Еще я думала о физической любви и о том, что мне хочется мужчину. Хочется узнать, что это такое, почувствовать на себе чужие руки, которые будут ласкать мое тело, сжимать мою грудь и проникать во… всякие другие места.
Я сглотнула. Нужно остановиться. И не потому, что мне не положено о подобном думать – нет, совсем нет, а потому что думать об этом в свое совершеннолетие, на пороге того времени, когда все вышеперечисленное будет можно, как-то странно. Даже как-то неправильно.
Меня насильно лишали стольких вещей, но по крайней мере, одной вещи теперь лишать не смогут.
Скоро я избавлюсь от своего позора.
***
В тот далекий вечер, пойманная на месте преступления, я была уверена, что самое страшное в жизни – если кузен Зормы меня не полюбит.
Я ошибалась.
За спиной раздался стук захлопнувшейся двери и только тогда я поняла, что отец ушел, оставив меня наедине с Хайде. Но как? Почему?
В комнате царил полумрак, отец не любил яркого света, от которого у него слезились глаза и портилось зрение, так что все домашние давно привыкли к тускло светящимся лампам. Но сейчас тень, которая накрывала Томириса, пугала своей подвижностью.
Он пружинисто поднялся из кресла и принялся дергано расхаживать перед окнами. Когда его взгляд перестал меня терзать и нашел другой объект внимания, на поверхности ковра с мелким узором, я украдкой вздохнула полной грудью. Слишком тяжело, оказывается, выносить такую силу недосказанного.
Он смотрел так, будто ему ничего не стоило взять меня и сломать пополам.
– Инжу… - Томирис остановился.
Мне пришлось снова заставить себя дышать. За все время посещения нашего дома и совместных ужинов он произнес мое имя вслух впервые и оно прозвучало так… так задумчиво, так полно, что мне хотелось попятиться и выйти из комнаты прежде, чем он его повторит.
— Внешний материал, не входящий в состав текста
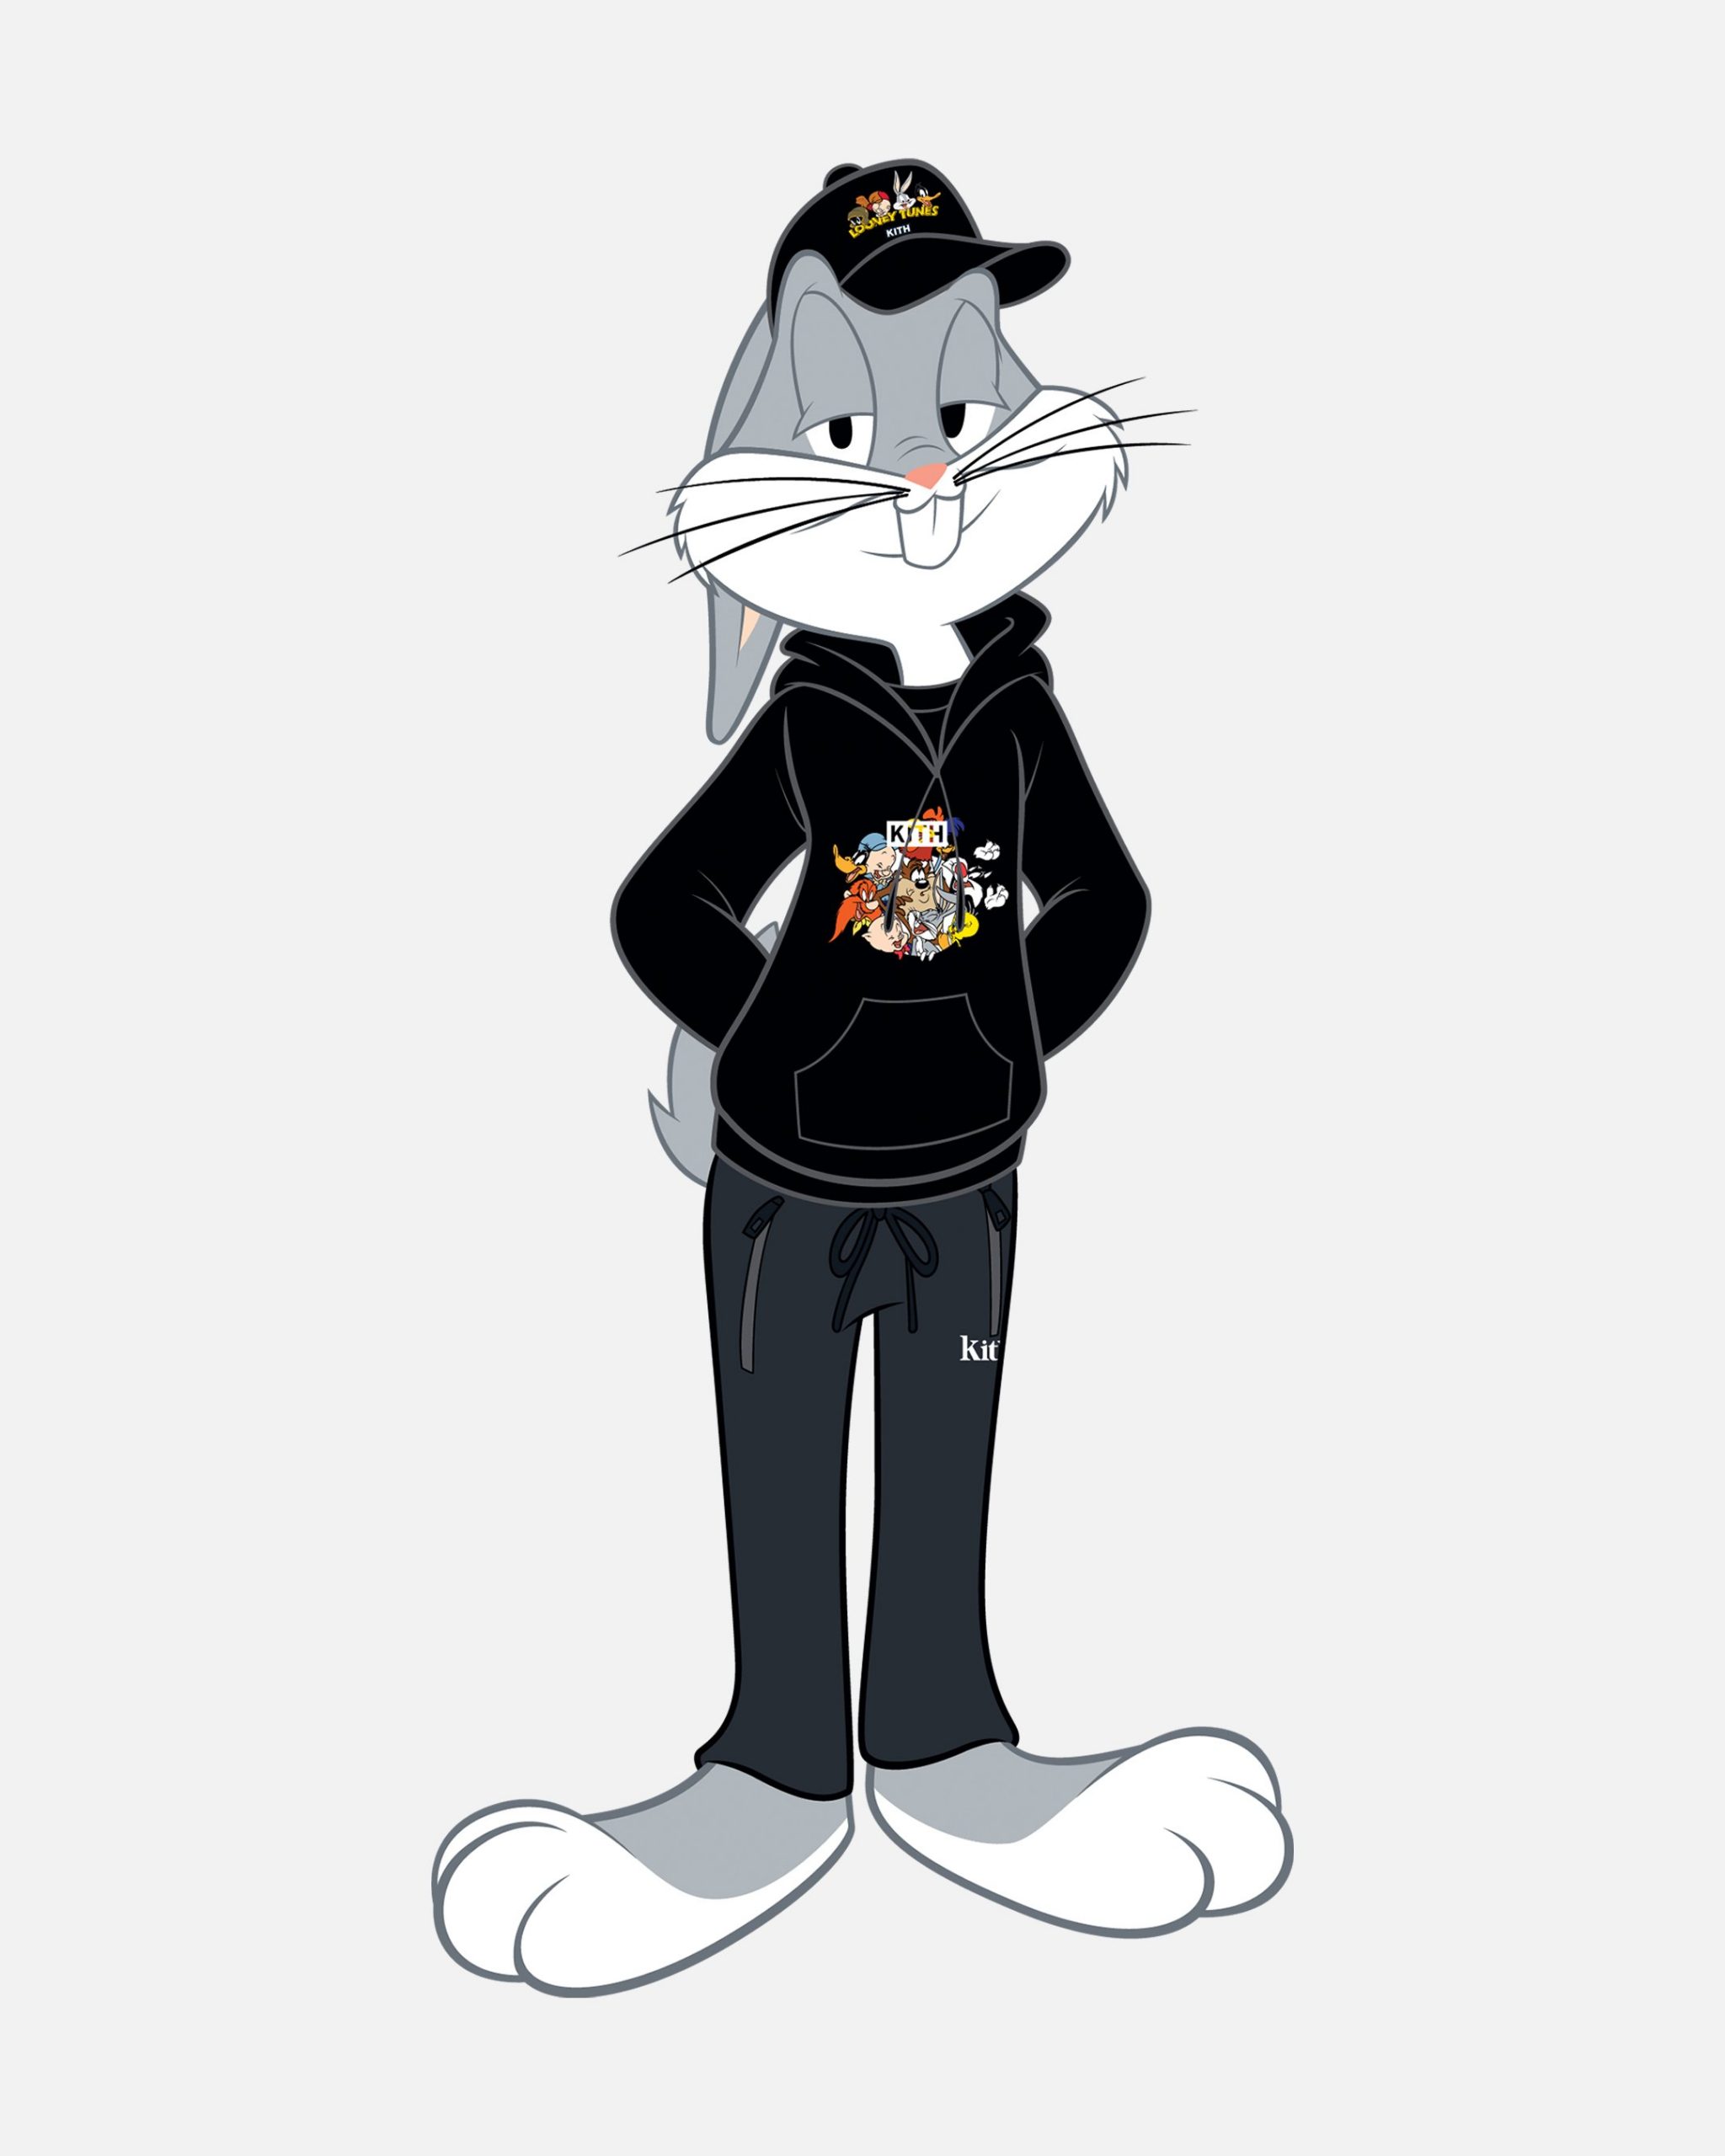 In commemoration of Bugs Bunny’s 80th birthday, who officially made his deb...

– Когда мне было пятнадцать, я хотел доказать всему миру, что никогда не стану таким, как остальные. Что я могу сломать стереотипы и стать первопроходцем… во всем.
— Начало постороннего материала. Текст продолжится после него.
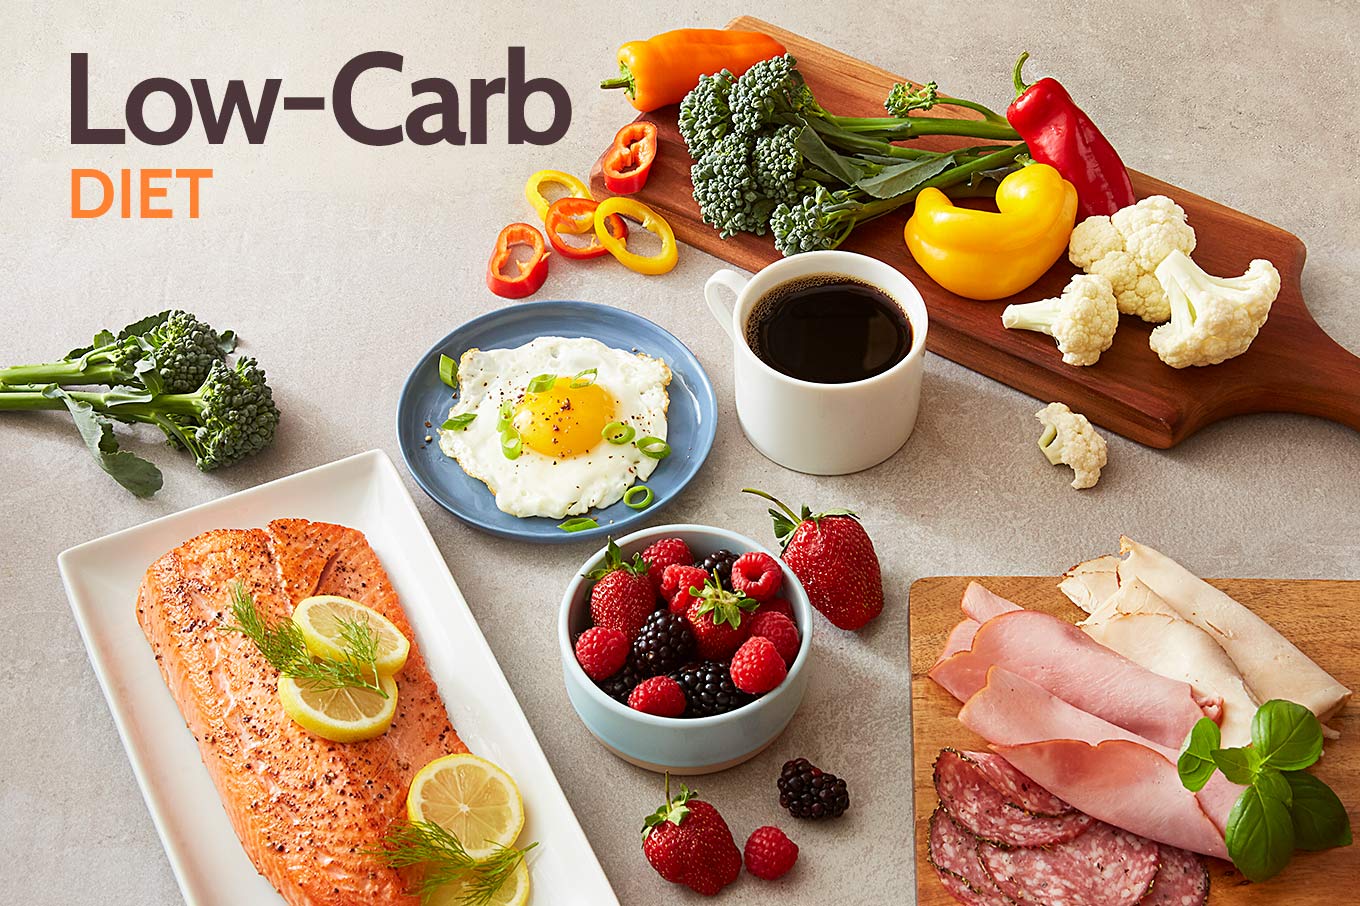 Studies: Low carb diets can reduce the risk of heart disease

К счастью, моего имени он не повторял и повернулся ко мне спиной, поэтому я смогла немного успокоиться и взять себя в руки.
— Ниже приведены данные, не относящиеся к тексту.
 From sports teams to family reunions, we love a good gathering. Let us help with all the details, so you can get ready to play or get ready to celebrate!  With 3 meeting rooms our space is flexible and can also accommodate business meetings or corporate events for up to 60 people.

– На самом деле я даже не знаю, что тебе сказать, - помолчав, добавил он.
Я, честно, вообще не понимала, с какой стати он мне тут что-то говорит. Какая мне разница, каким он там был в пятнадцать? Тоже мне, герой! Сейчас он такой же, как все остальные, значит, сдался. Превратился в одного из подконтрольных системе взрослых.
А я-то точно не сдамся и еще всем им покажу!
– Инжу, - он развернулся. Я все-таки отступила, потому что его лицо было таким кривым, будто у него разболелись все зубы одновременно.
– Почему вы мне все это говорите? – решила я выступить. – С какой стати? Что вам от меня нужно?
Он промолчал, опуская глаза.
– Инжу, - сказал Томирис более твердо.
– Ты любишь этого мальчика?
– Какого? – в горле пересохло, но в тот момент я и не вспомнила о своем письме, потому что не была отдельной личностью, а существовала только как не имеющее воли отражение Главы Теневой квестуры, серого кардинала, ворочающего такими деньгами, людьми и подводными глыбами политики, которые я не способна даже вообразить.